4. A defense that deserves better
A quick glance at recent final scores would suggest Green Bay hasn't exactly had a shutdown defense. The Cardinals scored 38 points, and the Vikings had 20. But don't forget that Arizona scored two defensive touchdowns off of Rodgers fumbles, and Minnesota ran back a fumble for a touchdown Sunday night.
The Packers' defense hasn't been perfect, that's for sure. But they're holding their own and have mostly kept opposing teams to low enough point totals that a Rodgers-led offense should be able to score more than.
Teddy Bridgewater had just 99 passing yards and threw an interception. That was enough to give Bridgewater a 45.7 passer rating. That alone shows one heck of a defensive performance. On 19 carries, Adrian Peterson finished with only 67 yards (a 3.5 average). It's the second time this season that Green Bay held Peterson in check, which is a great accomplishment against the NFL's leading rusher.

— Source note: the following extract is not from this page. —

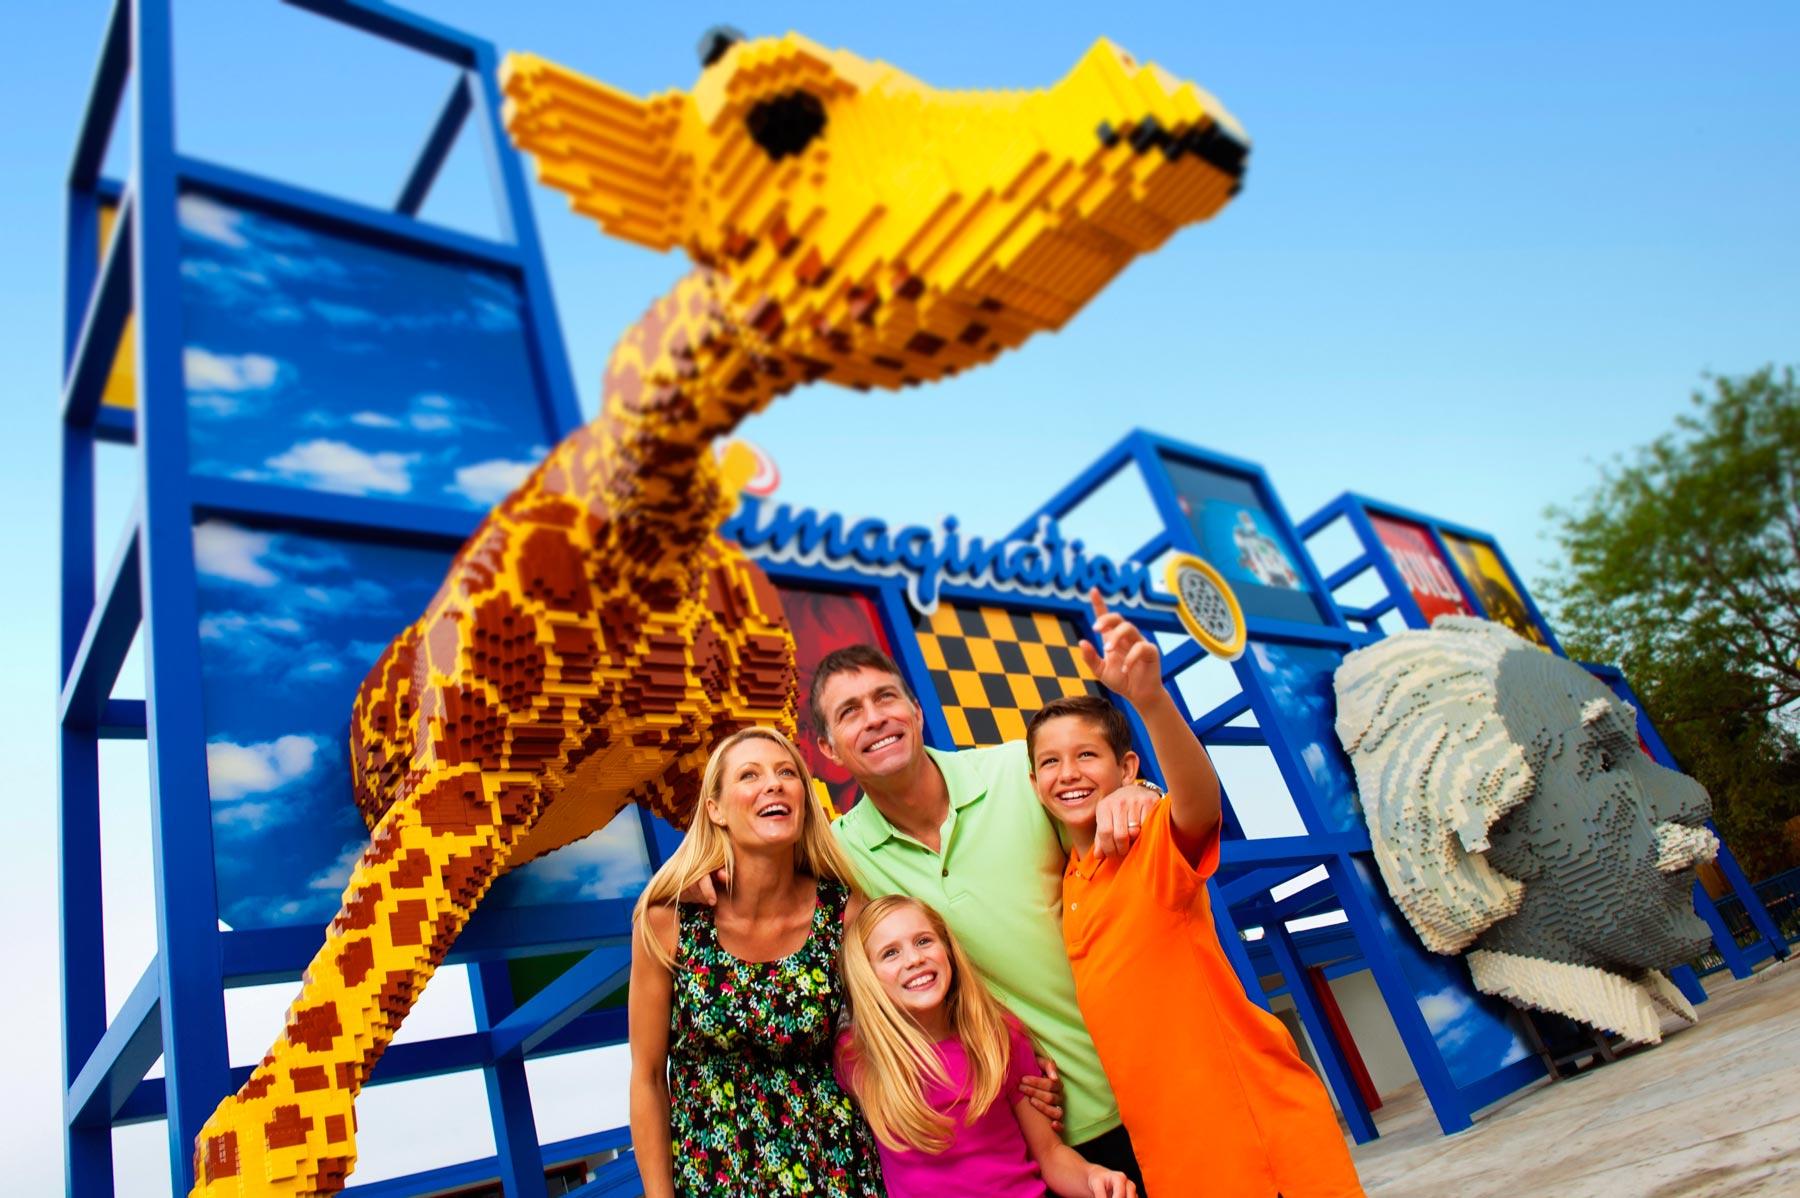 Family in the Legoland

This isn't to say that the Packers have a perfect defense, or even a top-10 defense. But all things considered, Dom Capers' group has had a good season and put together another strong performance against Minnesota. Yet, those players don't get to walk away with a victory, mostly due to Green Bay's offensive deficiencies.
5. On to Washington ...
The Packers find themselves where 20 other teams wish they were: in the playoffs.
Ultimately, the goal is to get into the postseason and play your best football at that point. Green Bay got in, but it would take quite the leap of faith to presume the Packers are in a spot in which they can get hot right now.
As it stands with six days before the matchup in Washington, Green Bay is a one-point underdog. It's hard to believe, considering where these two teams were three months ago (Washington had a 2-4 record to begin the season) that the Packers' struggles have led to them not being favored. But it makes sense considering Washington's four-game winning streak and Green Bay's back-to-back losses.
That game kicks off Sunday, Jan. 10 at 3:40 p.m. CT.